In the city, the population dispersal was 26.9% under the age of 18, 8.9% from 18 to 24, 25.2% from 25 to 44, 24.2% from 45 to 64, and 14.8% who were 65 years of age or older. The median age was 35.1 years. For every 100 females, there were 86.0 males. For every 100 females age 18 and over, there were 87.3 males.

The median income for a household in the city was $33,061, and the median income for a family was $40,625. Males had a median income of $35,300 versus $25,369 for females. The per capita income for the city was $18,105. About 18.9% of families and 20.7% of the population were below the poverty line, including 30.0% of those under age 18 and 11.0% of those age 65 or over. The median home price was an estimated $83,800 in 2010. The rent burden was 47.9%.

===2000 census===
As of the census of 2000, there were 6,364 people, 2,747 households, and 1,747 families living in the city. The population density was 1,436.3 PD/sqmi. There were 2,989 housing units at an average density of 674.6 /mi2. The racial makeup of the city was 88.89% White, 8.12% Black or African American, 1.35% Native American, 0.24% Asian, 0.02% Pacific Islander, 0.30% from other races, and 1.08% from two or more races. 1.15% of the population were Hispanic or Latino of any race.

There were 2,747 households, out of which 26.5% had children under the age of 18 living with them, 44.6% were married couples living together, 15.4% had a female householder with no husband present, and 36.4% were non-families. 32.9% of all households were made up of individuals, and 18.4% had someone living alone who was 65 years of age or older. The average household size was 2.31 and the average family size was 2.95.

In the city, the population dispersal was 23.6% under the age of 18, 8.5% from 18 to 24, 26.0% from 25 to 44, 20.3% from 45 to 64, and 21.5% who were 65 years of age or older. The median age was 39 years. For every 100 females, there were 86.3 males. For every 100 females age 18 and over, there were 79.0 males. The median income for a household in the city was $27,036, and the median income for a family was $33,125. Males had a median income of $29,074 versus $21,181 for females.
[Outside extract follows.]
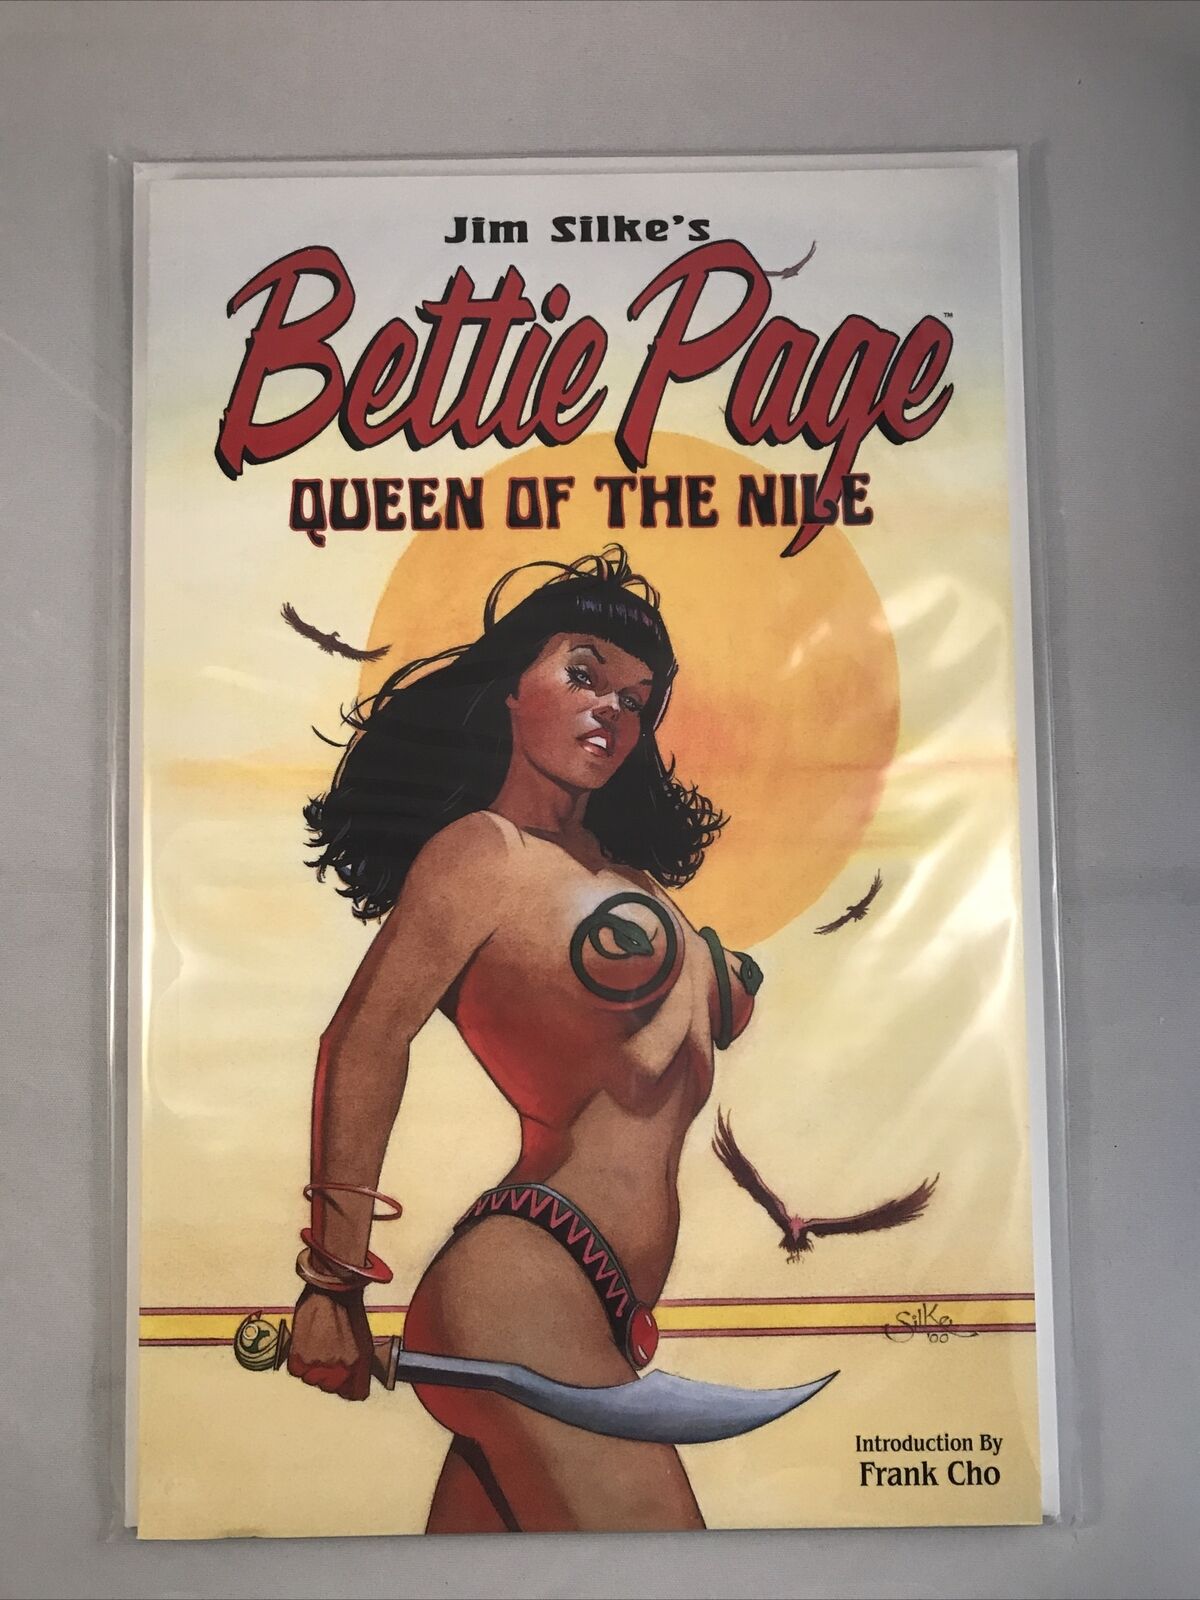 Jim Silke’s Bettie Page Queen of the Nile - NM, Unread - AWESOME ART

The per capita income for the city was $14,190. About 13.0% of families and 17.1% of the population were below the poverty line, including 25.1% of those under age 18 and 13.9% of those age 65 or over.

==Education==
Chickasaw's public schools are within the Chickasaw City Schools district. The city voted in 2012 to form its own school system with Satsuma, Alabama, leaving that operated by Mobile County School Board.

===History of schools===
Chickasaw's public schools were previously operated by the Mobile County Public School System. Hamilton Elementary School was within the Chickasaw city limits and serves Chickasaw residents. In addition two magnet schools, the elementary Chickasaw School of Mathematics and Science and the Clark School of Mathematics, Science and Technology (high school), were in the city. Residents zoned to Hamilton are also zoned to Chastang Middle School.

Several years prior to 2009, officials of Chickasaw, Satsuma, and Saraland contemplated forming the "Delta School District." Around 2009 Chickasaw officials considered a plan to secede from the Mobile County school system, after Mobile County officials considered closing the Chickasaw magnets, which together have a combined total of 14% Chickasaw residents. The remainder of the students came from other locations, including the unincorporated area of Grand Bay. Mobile County considered moving the magnets to Shaw High School in western Mobile.

Chickasaw did separate from the Mobile County school system, effective in 2013, with the understanding that the elementary Chickasaw School of Mathematics and Science would be relocated from Chickasaw within four years. While it remained, the residents of Chickasaw were required to pay $2,200 per year per child in order to attend the school, as they were no longer part of the county system. In January 2013 the Mobile County school board decided to move the elementary Mathematics and Science school to the former Howard Elementary School near Downtown Mobile.

===Notable person===
- Ray Sawyer of the band Dr. Hook and the Medicine Show was born in Chickasaw in 1937.